* **What the exercise asks**:
Reproduce the listing exactly and skip over any pictures.

* **The data**:

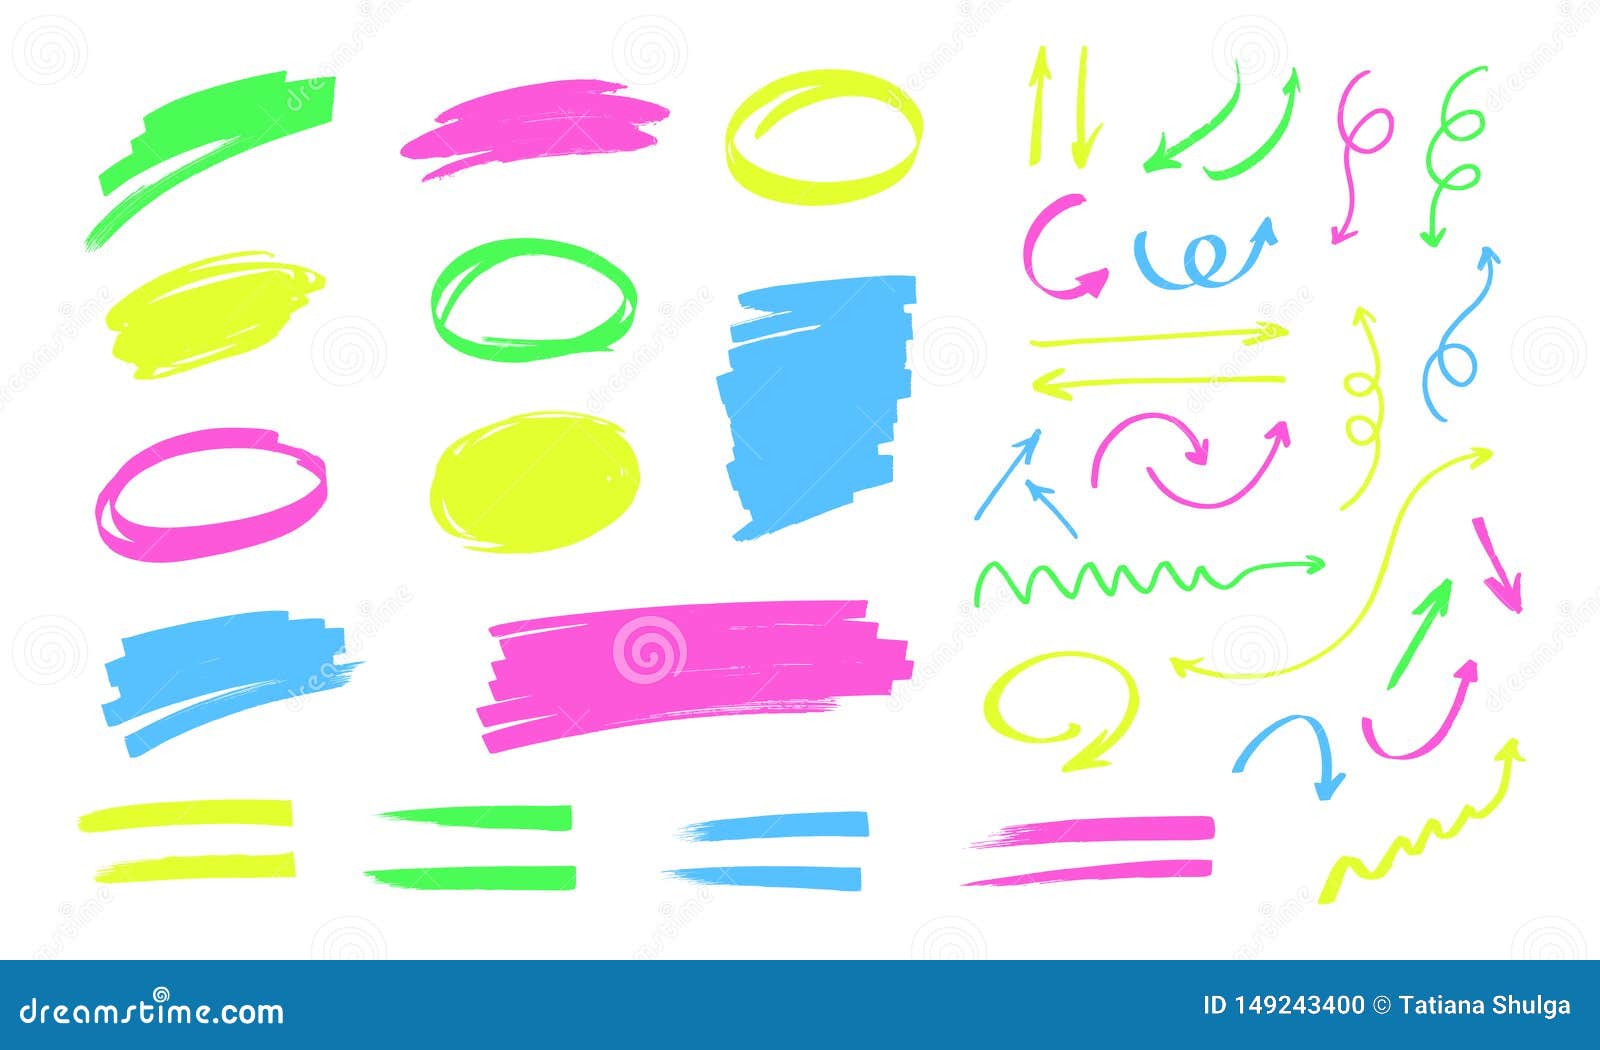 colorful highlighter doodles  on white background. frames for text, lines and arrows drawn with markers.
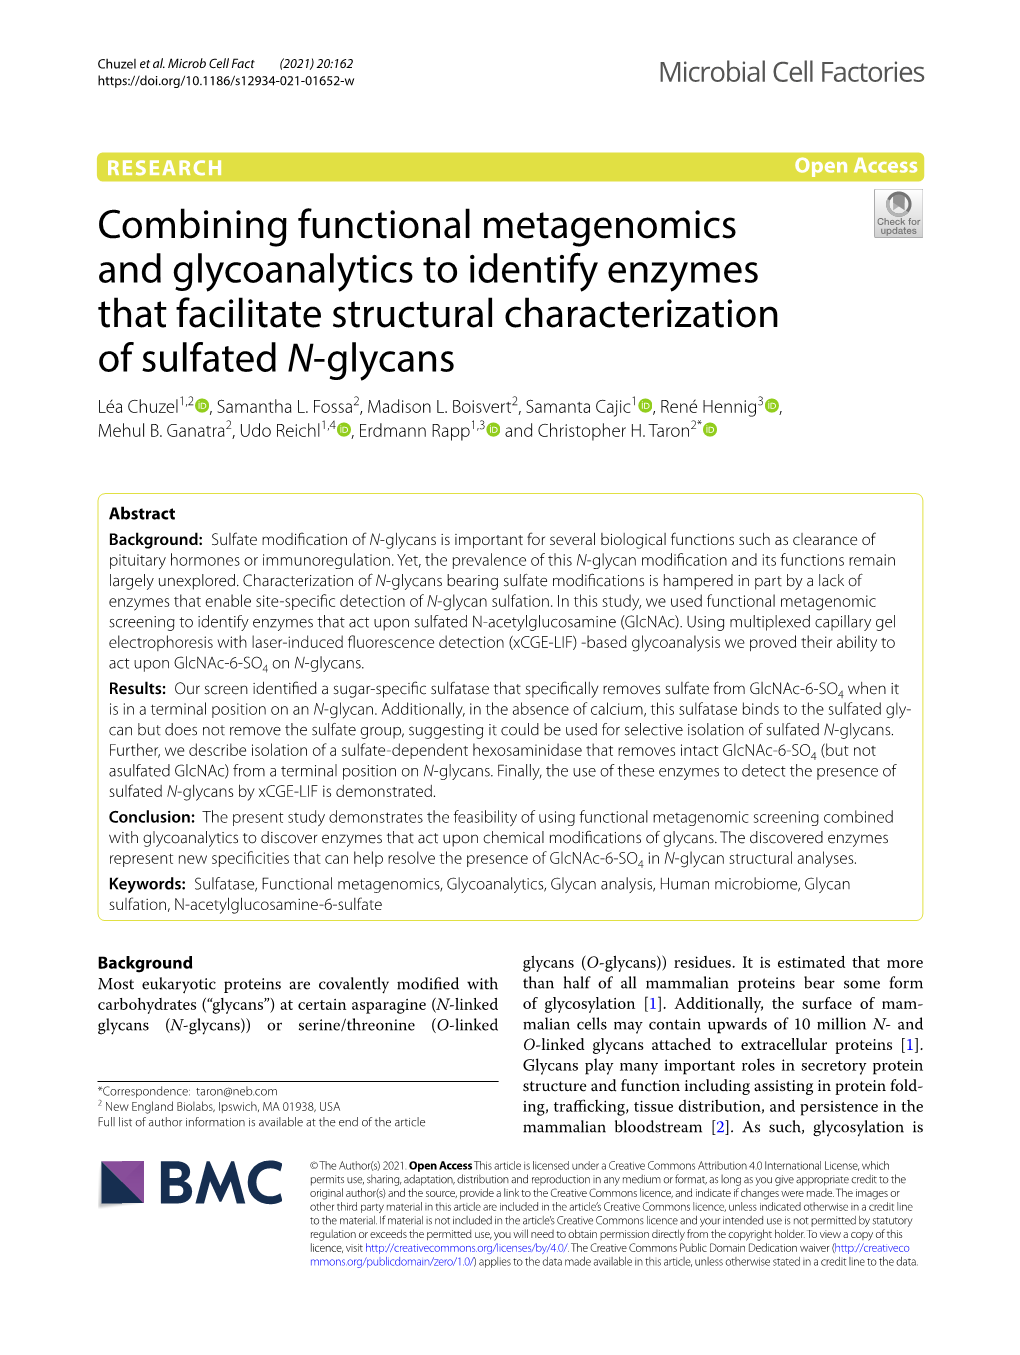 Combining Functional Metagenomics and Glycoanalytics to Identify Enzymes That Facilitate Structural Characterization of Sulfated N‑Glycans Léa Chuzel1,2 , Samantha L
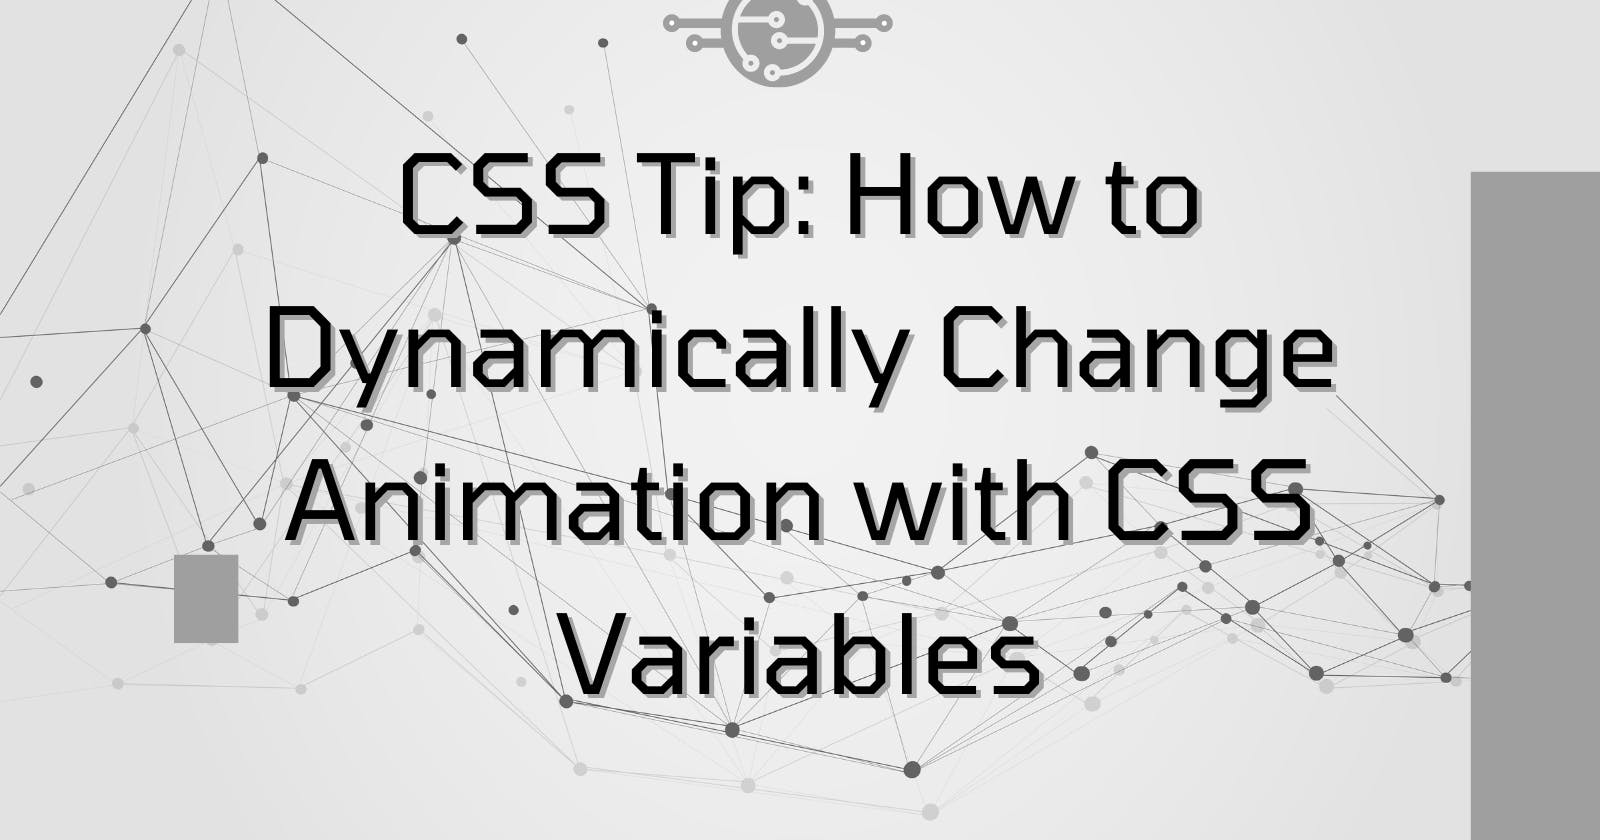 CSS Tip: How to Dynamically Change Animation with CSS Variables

* **Task answer**:
 colorful highlighter doodles  on white background. frames for text, lines and arrows drawn with markers.
 Combining Functional Metagenomics and Glycoanalytics to Identify Enzymes That Facilitate Structural Characterization of Sulfated N‑Glycans Léa Chuzel1,2 , Samantha L
 CSS Tip: How to Dynamically Change Animation with CSS Variables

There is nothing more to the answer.